Delaney sat on the couch, biting her lip and examining her fingernails. Summer stood over her, hands on her slim hips, face twisted into a weird combination of concern and anger.
Oh, yeah. She’s definitely pulling out all the mommy stops.
Even as Delaney waited in fear, she noticed the dark circles under Summer’s eyes, the wisps of hair escaped from her bun. She looked exhausted. Delaney felt guilty. Not only had she failed The Dating Intervention less than forty-eight hours after its inception, but she was also the cause of her best friend being awake at two in the morning when she had to get up again at six with the kids.
“Why can’t you just trust me?” Delaney whined as butterflies swirled madly in her stomach. Why was she
nervous
? This was ridiculous.
“It’s obvious why I can’t trust you, isn’t it?
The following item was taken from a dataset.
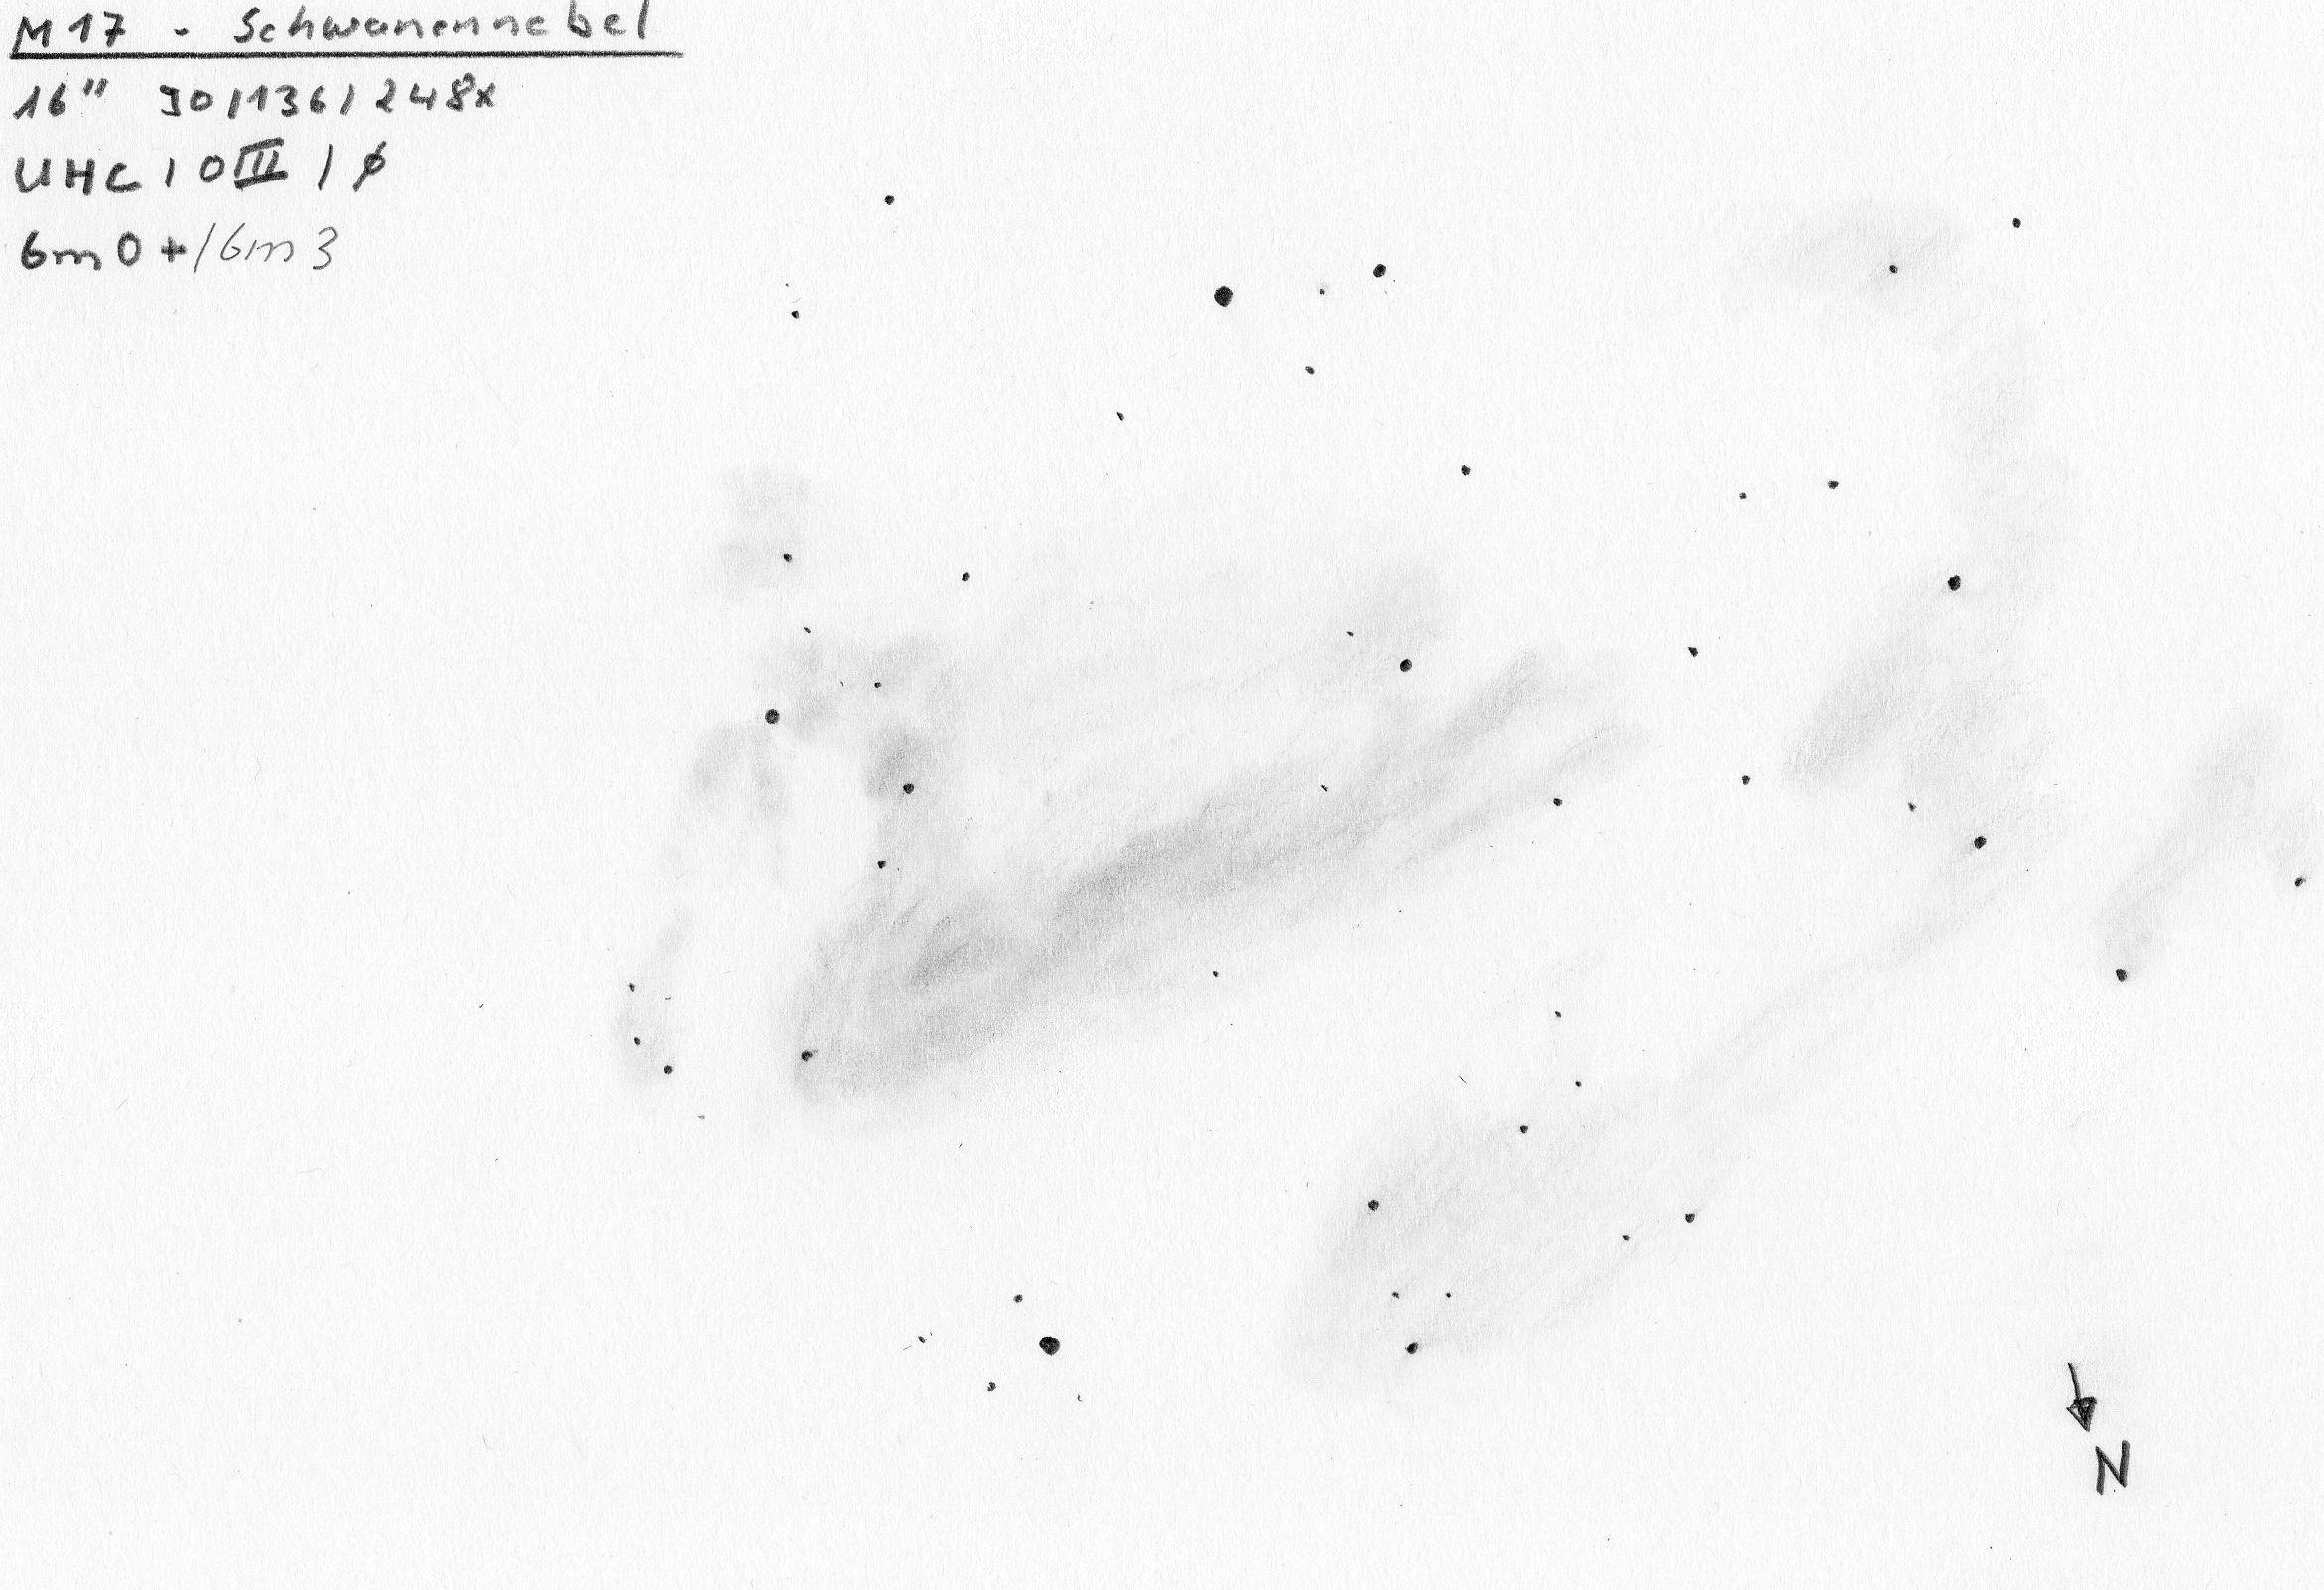 VCSE - Mai kép - Messier 17 - Hans-jürgen Merk

Number one, you make terrible decisions. Did you
see
that guy? And number two, I knew we’d have a rocky start. You don’t like being told what to do. Josie told me how, after you shopped Saturday, you spent the rest of the day decorating. Not job hunting.”
“Well, I need a good atmosphere. You know. To
feel
like a professional. I needed a printer to print out resumes. And a suit,” she said weakly, because she was now losing steam. “For interviews.”
“Did you actually write your resume or print it?” Summer demanded. “No. I know you didn’t. But let’s not get sidetracked. We’re here tonight because you brought home that … that … weasel! After I specifically told you not to!”
Delaney winced. She wanted to shrivel up right there on her living room couch.
“What was your inner voice saying to you in that moment, Dee?”
“He was nice.”
“Tell me that’s not what your inner voice was saying. Please.”